National Post (National Edition)
FIVE TAKEAWAYS FROM GOTH, AND ITS DARK SUBCULTURE
Goth: The Design, Art and Fashion of a Dark Subculture By Chris Roberts, Hywell Livingstone and Emma Baxter-Wright Carlton Books 224 pp; $29.95
Depending on your background, the word “goth” means one of three things: 1) a Germanic tribe that hastened the fall of the Roman Empire, 2) a friend of yours in high school, 3) you in high school. But as a new book by the same name illustrates, “Goth” is a subculture that pervades nearly every form of art. Here are your takeaways:
1
“Gothic architecture” was never a contemporary term, but named in retrospect during the Italian Renaissance by critics of medieval buildings and their lack of classical principles. “What better term to name them,” Livingstone asks, "than that of the marauding hordes who, like the architecture that so offended the sensitive Italians, ruined their beloved Rome back in the fifth century?” I guess we can look forward to “Deplorable” architecture in the next millennium.
2
Gothic fiction as a genre is widely traced to Horace Walpole’s The Castle of Otranto (subsequently subtitled “A Gothic Story”), which was published in England on Christmas Day of 1764. The book claimed to be a translation of a long-lost Italian text, and was well-received until that falsehood was exposed. “Its fascination with superstition and violence was apparently fine provided it came from a bygone age,” Roberts writes, “but decidedly unacceptable in upperclass England.” For younger readers, this is why it was okay for your father to be a fan of pre-Wayne’s World Alice Cooper but not okay for you to be a fan of ... okay, I admit it, I don’t have a reference any more recent than Marilyn Manson.
3
Roberts makes the case that, though not nearly as quintessentially gothic as 19th century peers such as Shelley’s Frankenstein or Stoker’s Dracula, the Brontë sisters’ Jane Eyre and Wuthering Heights can lay claim to the genre with psychological themes (“jealous infatuation”), hints at the supernatural and their gothic settings on the moors and in creaky manor houses.

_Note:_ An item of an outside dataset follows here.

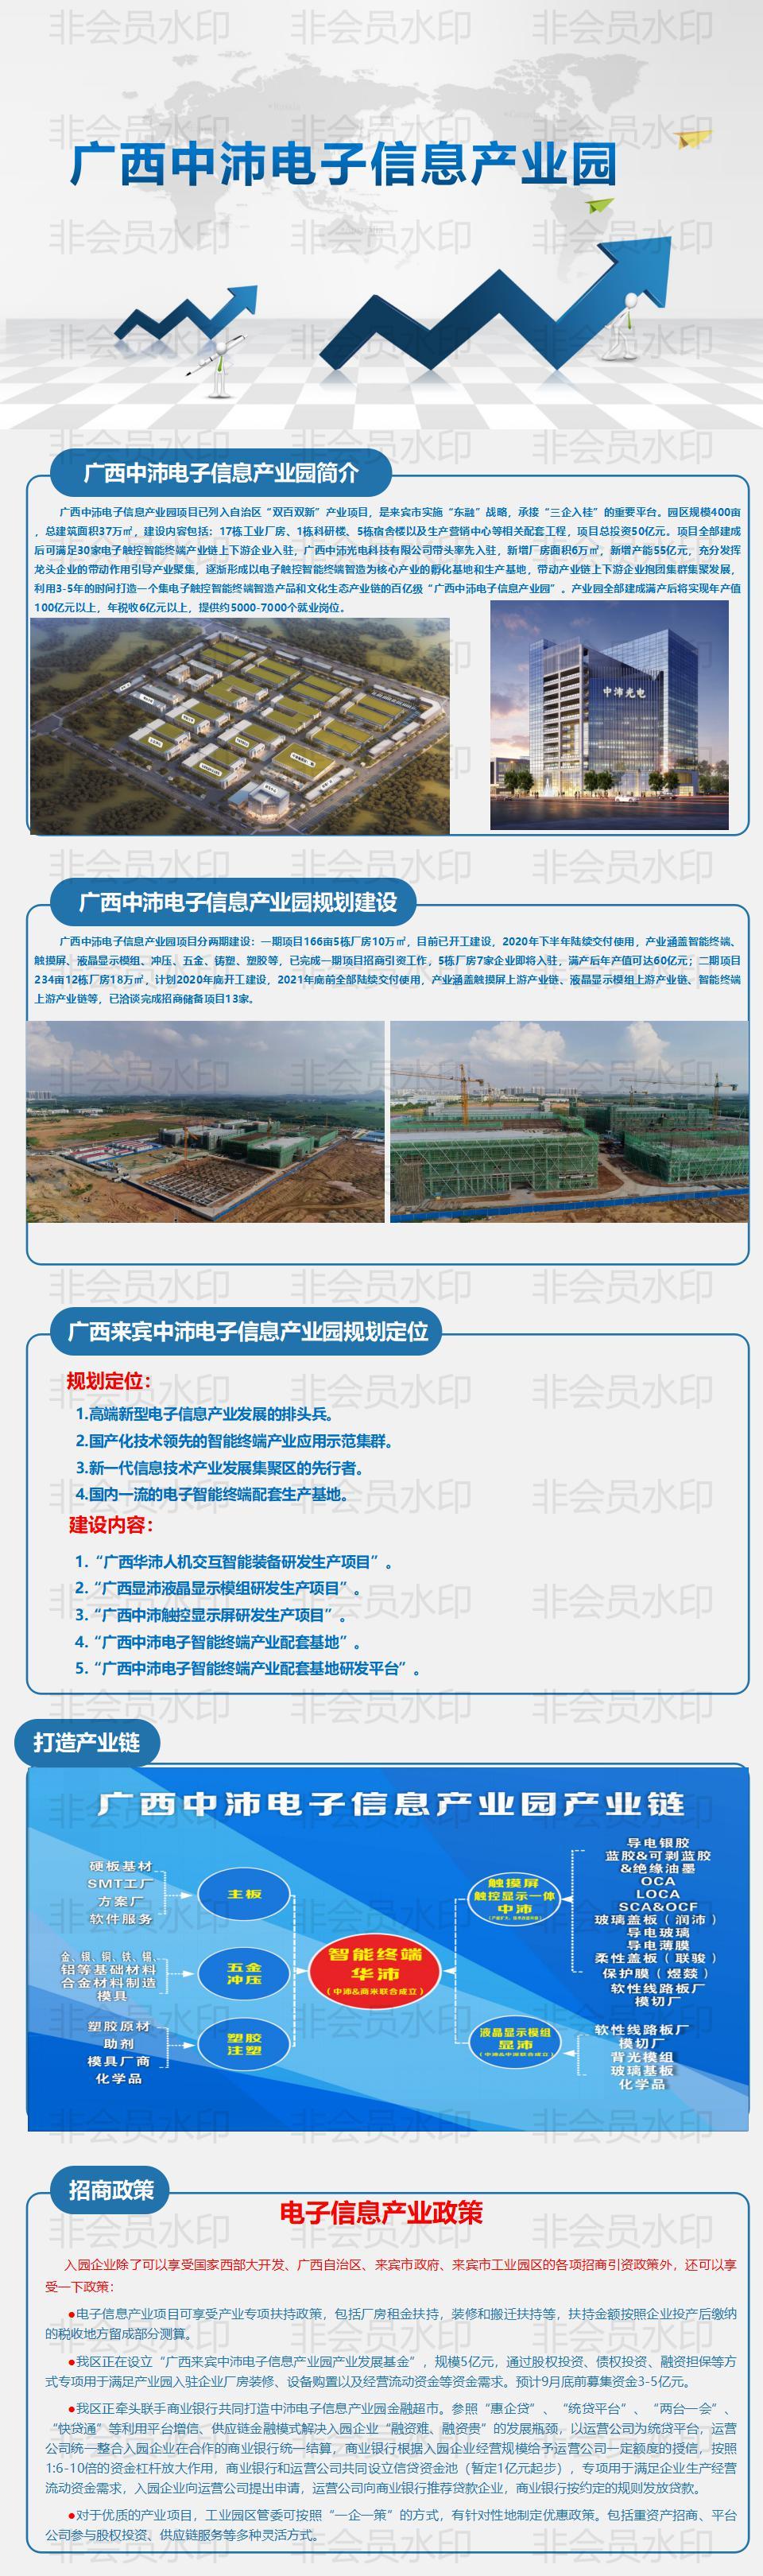 广西中沛电子信息产业园三折纸宣传册2020.7.1.jpg

We should have known: that diaeresis in the Brontë name looks an awful lot like an umlaut.
4
Though Tim Burton is the director who first leaps to mind for many as an example of Goth filmmaking (Beetlejuice, Edward Scissorhands, Sleepy Hollow), Roberts qualifies him as something of a “flamboyant circus-showman.” In other words – gothic camp. But Roberts continues with the interesting point that Burton’s entry in the Batman franchise (1992’s Batman Returns, with Danny DeVito as The Penguin and Michelle Pfeiffer’s Catwoman) faced criticism of being “too dark.” His was a Gotham City that audiences were finally ready for in the Christopher Nolan reboot some dozen years later (after the misguided overcompensation with Jim Carrey’s Riddler and Arnold Schwarzenegger’s Mr. Freeze. “Let’s kick some ice!” Mr. Freeze said. Let’s kick some ice, he really said).
5
“‘Goths’ technically didn’t fit the followers of this music,” Roberts writes, “who were mostly gentle, sensitive souls.” It’s why The Cure’s Robert Smith was a hero in South Park. It’s why your friend’s older sister wore Doc Marten’s but was also a vegetarian. Underneath the eyeliner was not the cold stare of a nihilist, but the beseeching of memento mori. Perhaps Ozzy Osbourne said it best, as Roberts notes, when he was dubbed a living legend: “That’s better than being a dead one.”